> _Work request_
Give the lines below again, exactly as they stand, and leave out the images.

> _Supplied information_
┄┄┄┄┄┄┄┄┄┄

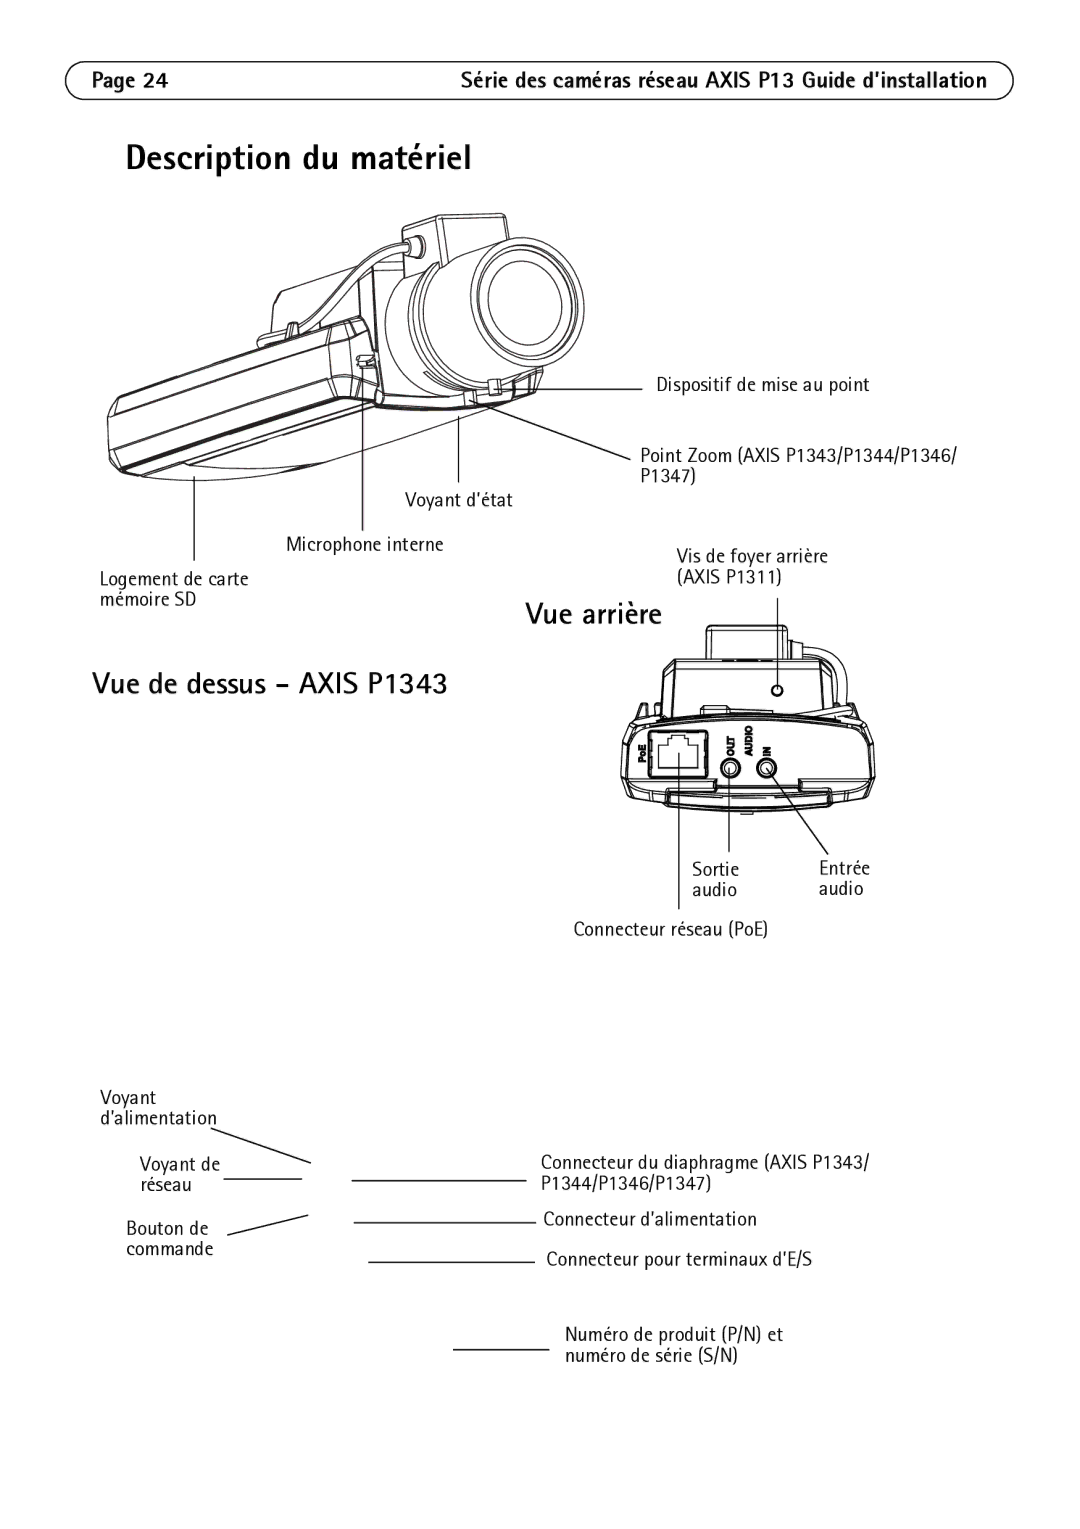 Axis Communications P1344, P1347, P1311 manual Description du matériel, Vue arrière, Vue de dessus Axis P1343 
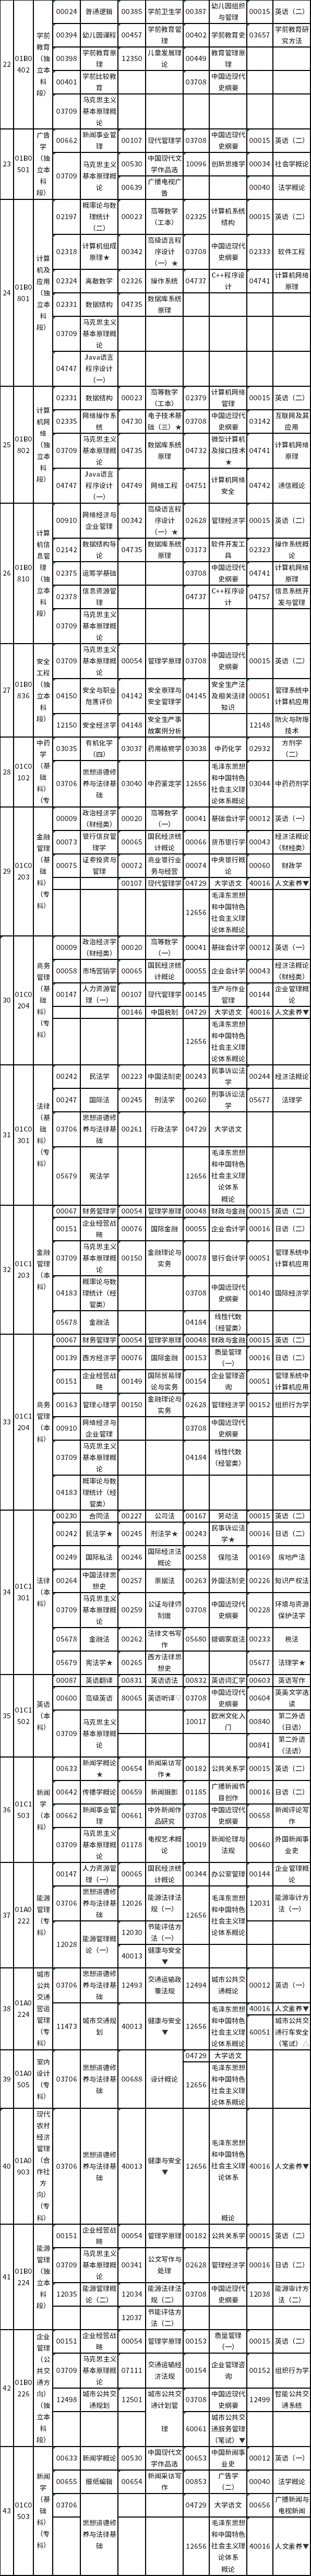 北京市高等教育自学考试2022年10月笔试课程考试时间表
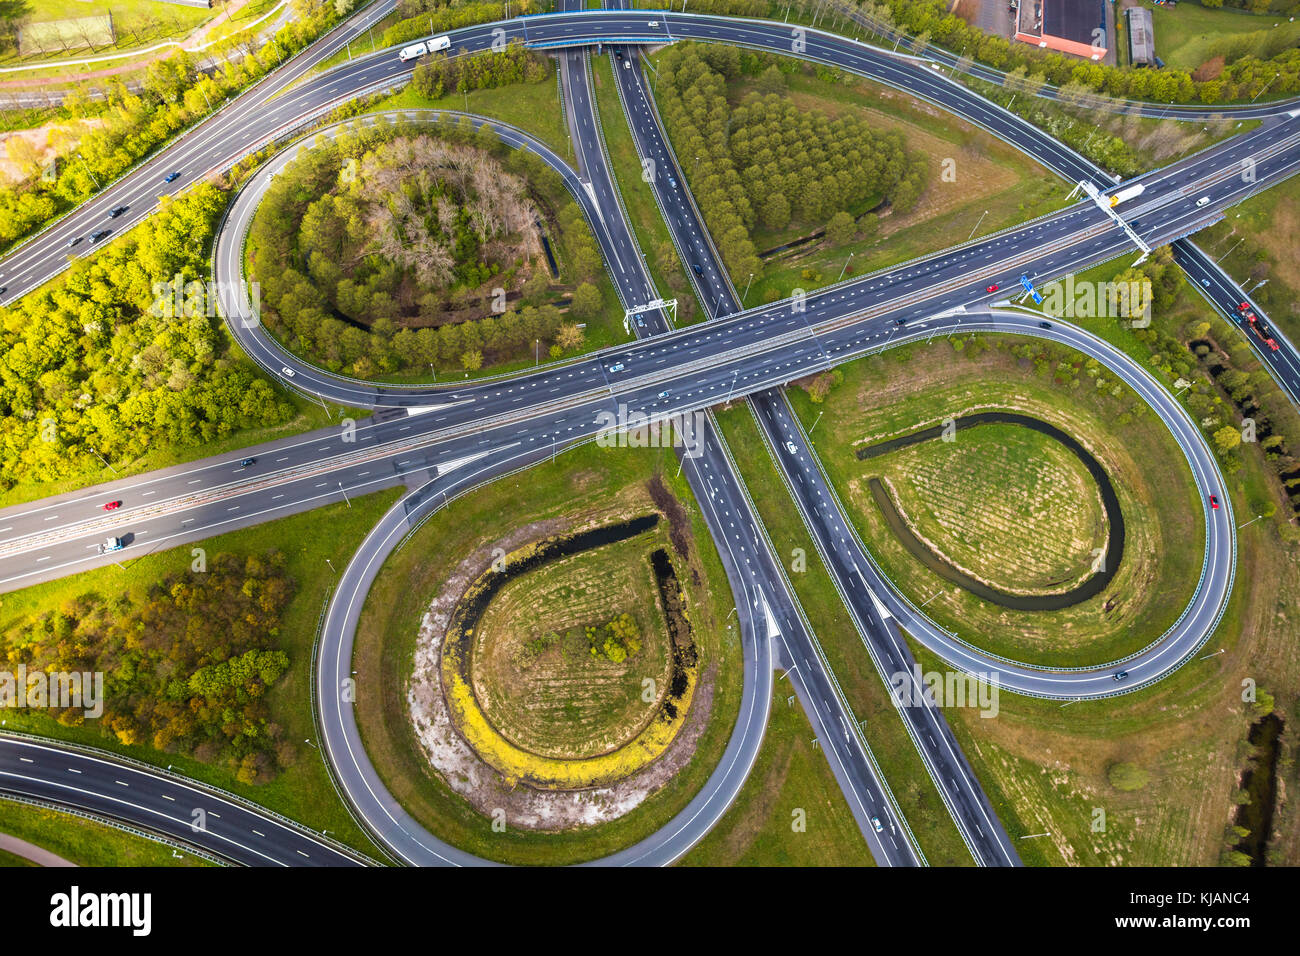 Vue aérienne de jonctions de route, près d'Amsterdam, Pays-Bas Banque D'Images

┄┄┄┄┄┄┄┄┄┄

> _Your solution_
 Axis Communications P1344, P1347, P1311 manual Description du matériel, Vue arrière, Vue de dessus Axis P1343 
 北京市高等教育自学考试2022年10月笔试课程考试时间表
 Vue aérienne de jonctions de route, près d'Amsterdam, Pays-Bas Banque D'Images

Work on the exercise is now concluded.